What follows is a listing to transcribe exactly, leaving the pictures out.
--- Data segment Enclosed Below ---
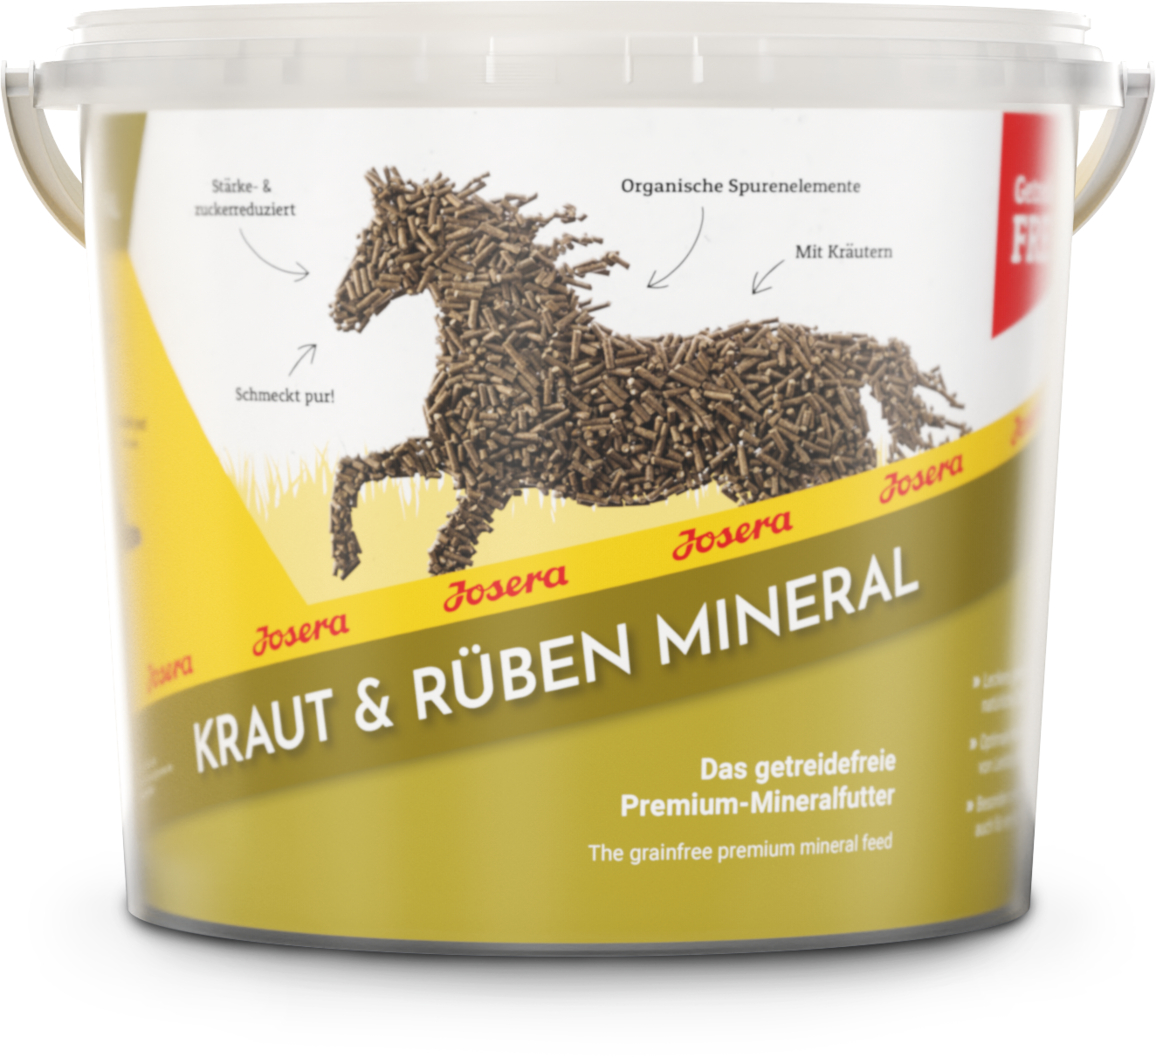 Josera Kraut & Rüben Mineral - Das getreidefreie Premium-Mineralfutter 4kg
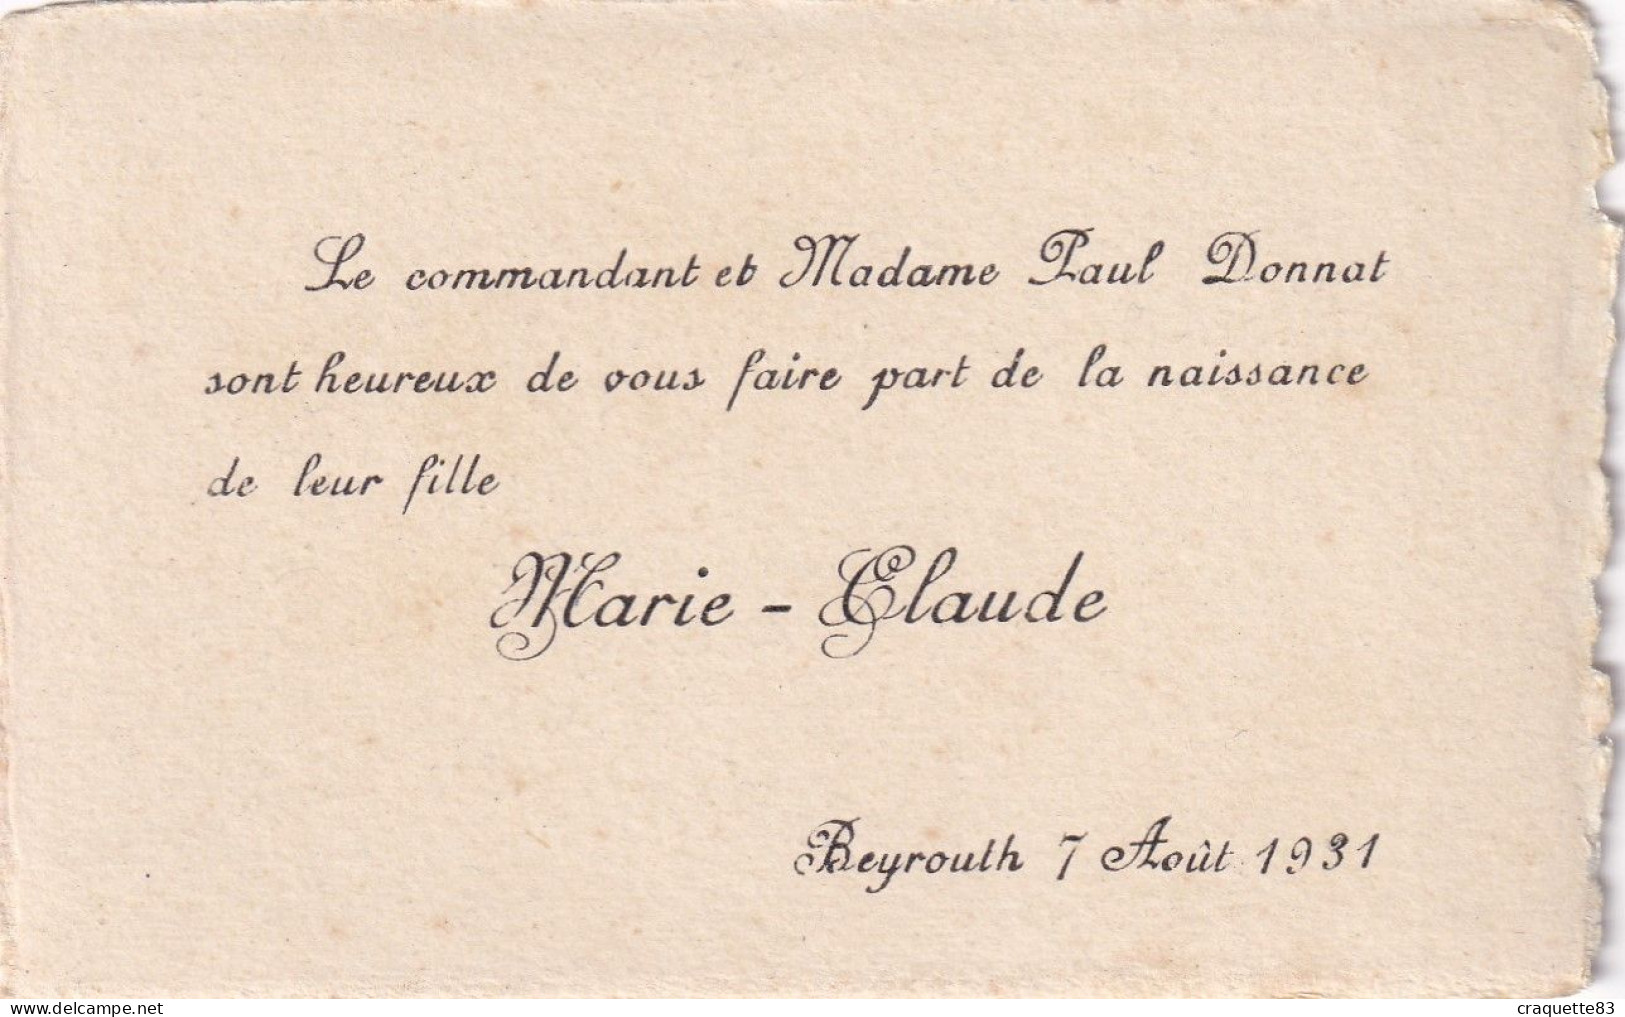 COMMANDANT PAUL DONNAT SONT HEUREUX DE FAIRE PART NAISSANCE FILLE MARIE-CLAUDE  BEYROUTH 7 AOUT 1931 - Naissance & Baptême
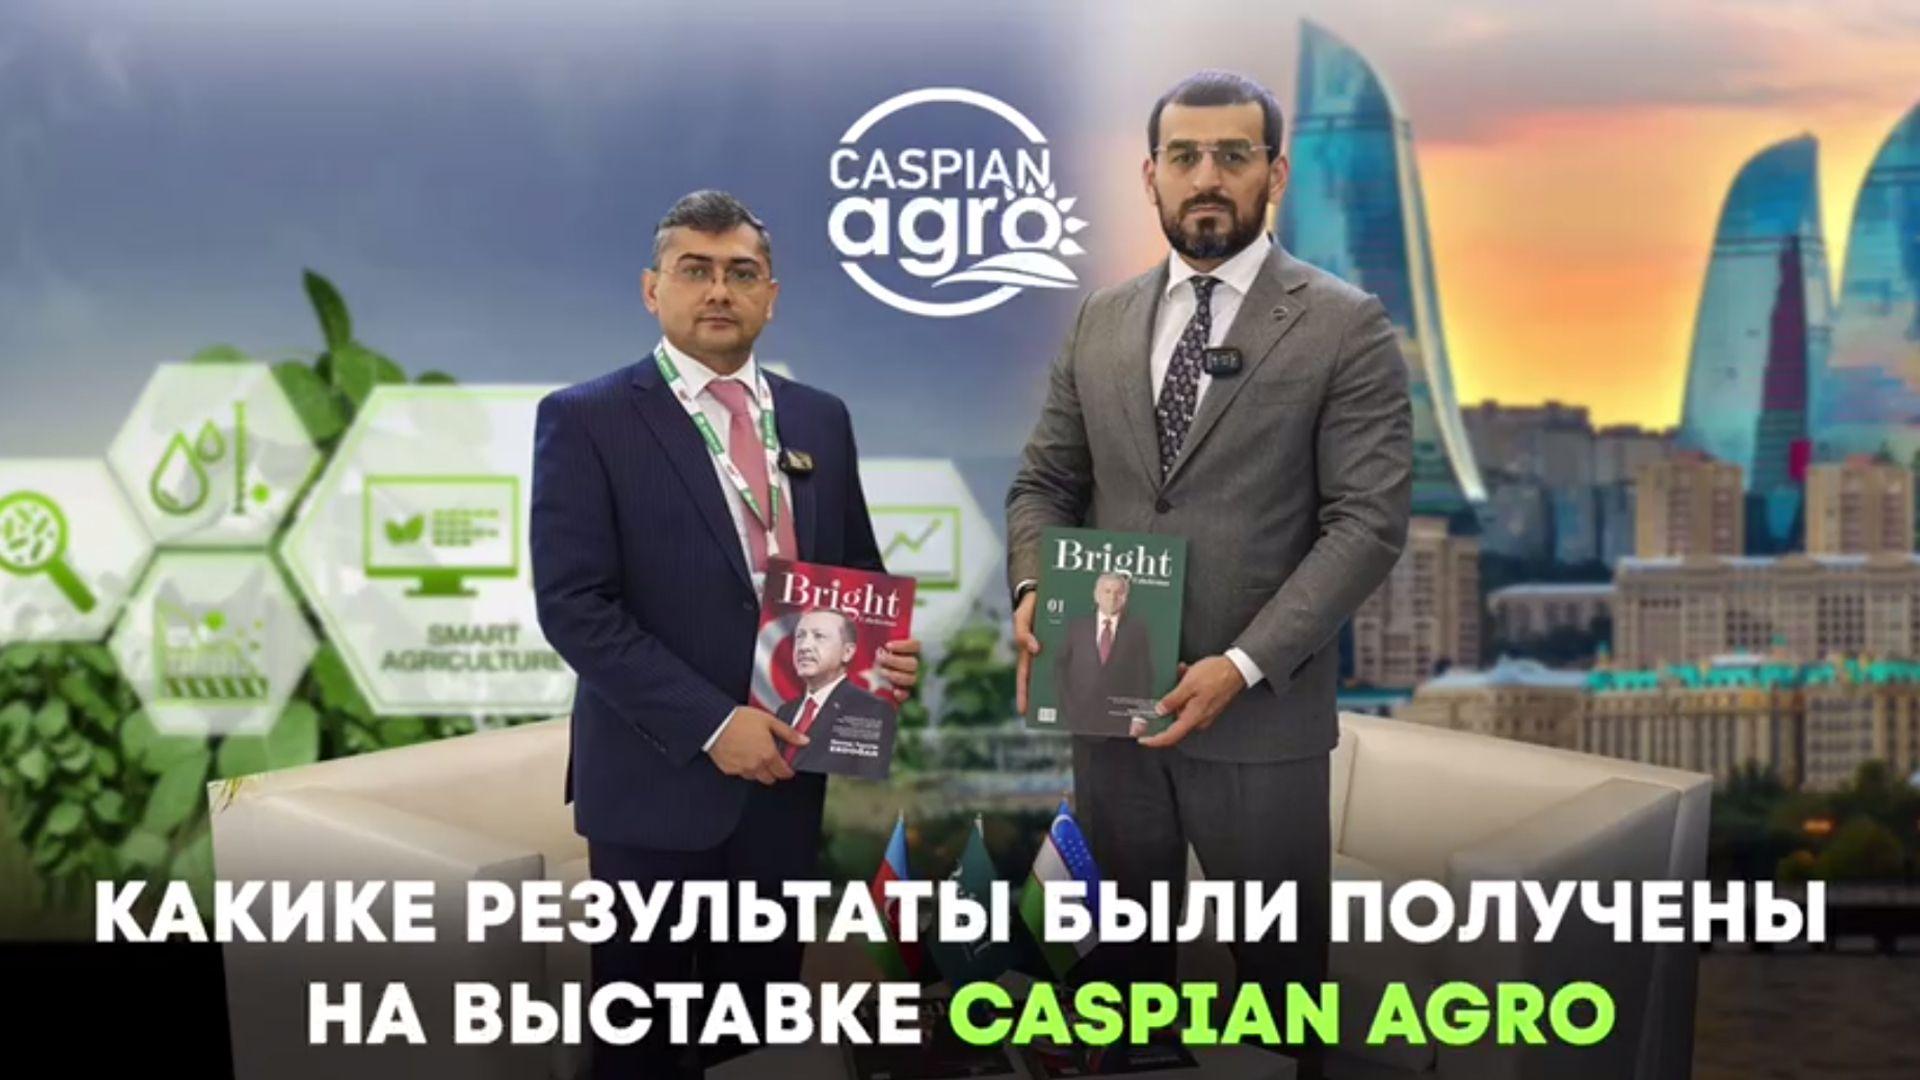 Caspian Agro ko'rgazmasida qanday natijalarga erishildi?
--- End of Enclosed Data segment ---
## Finished exercise
 Josera Kraut & Rüben Mineral - Das getreidefreie Premium-Mineralfutter 4kg
 COMMANDANT PAUL DONNAT SONT HEUREUX DE FAIRE PART NAISSANCE FILLE MARIE-CLAUDE  BEYROUTH 7 AOUT 1931 - Naissance & Baptême
 Caspian Agro ko'rgazmasida qanday natijalarga erishildi?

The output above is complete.